Before HarassMap was launched no one wanted to talk about this issue, no one was working on this issue, no women's rights NGOs or other organizations were working on this. Now there are so many. HarassMap was the first independent initiative working on this and now there are probably a dozen independent initiatives and more established women's rights NGOs are working on these issues and there is a lot of activism happening. There are a lot of people wanting to do something about it. When we launched we were over run with people who wanted to volunteer and we are constantly getting volunteer requests than we know what to do with, we don't have the capacity to handle them and get them all into the work. This is a good sign that people are fed up and they also realize that we can actually do something about it and i have the right to speak up about this issue - men and women.
It's difficult to measure our impact in terms of going out and telling people to start standing up to sexual harassment because you can't really check people afterwards. its difficult to follow up even though we try to do this as much as possible. We rely on a lot on anecdotes or stories to tell us. For example, in one area where we had been going a lot talking to people, we get stories back from them that people are helping and are standing up against harassment. This makes a big difference to us because this is what we want - we want people to take action when they see it happening. Even if its one person, it really makes a difference.
We have two different types of challenges.
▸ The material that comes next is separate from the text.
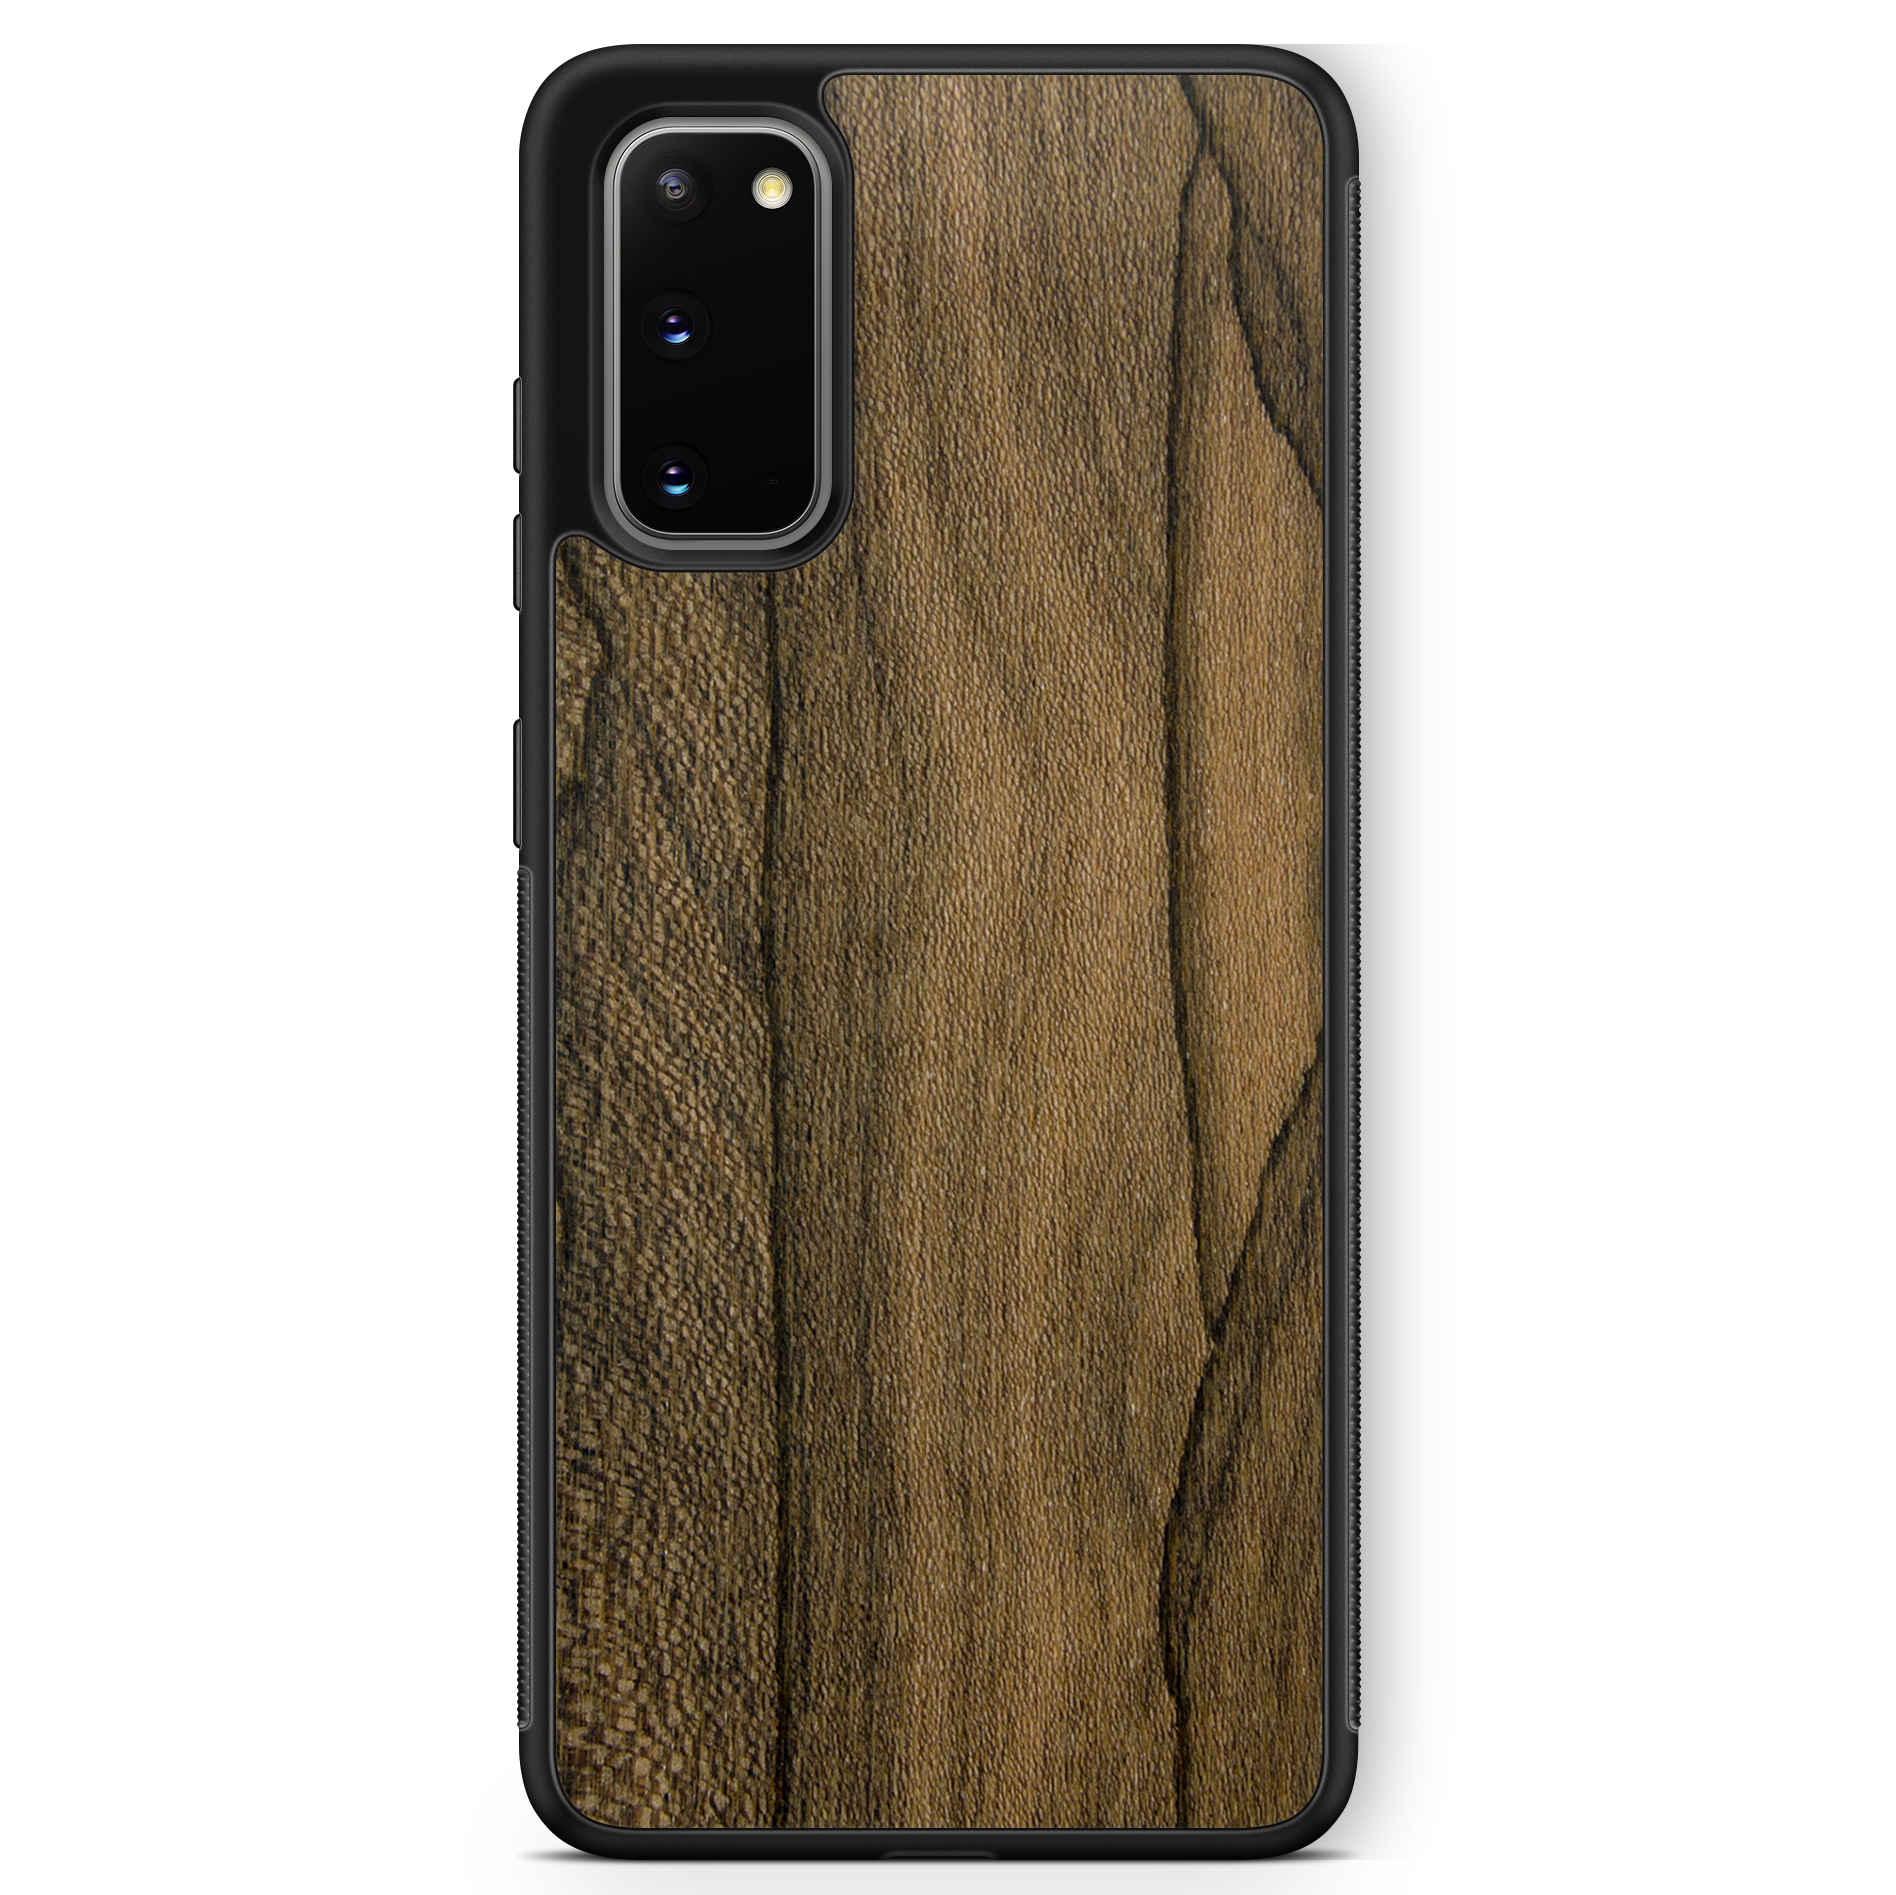 Caja del teléfono Samsung S20 de madera de ziricote

One challenge would be the environment that we're working in, the NGO law is very restrictive and can be difficult at times to get around. As an NGO in Egypt you have to get permission for a lot of things before you can do any activity and permission can take a long time. So it can delay the work. Our biggest challenge is capacity and specific knowledge. We're always struggling because we don't have the technical expertise to deal with our reporting system or deal with any problems that we have with our map or website. It's specific knowledge that we don't really have here so we're always relying on volunteers from abroad and they of course don't always have time and it's unreliable, so this is slowing down or work significantly.
How does HarassMap make women count?
HarassMap doesn't work specifically with women - most people who get harassed are women, no question about it. Our idea is that we will make a change in women's lives and make things better by engaging men AND women to do something very simple which is just to stand up and say that this is not acceptable.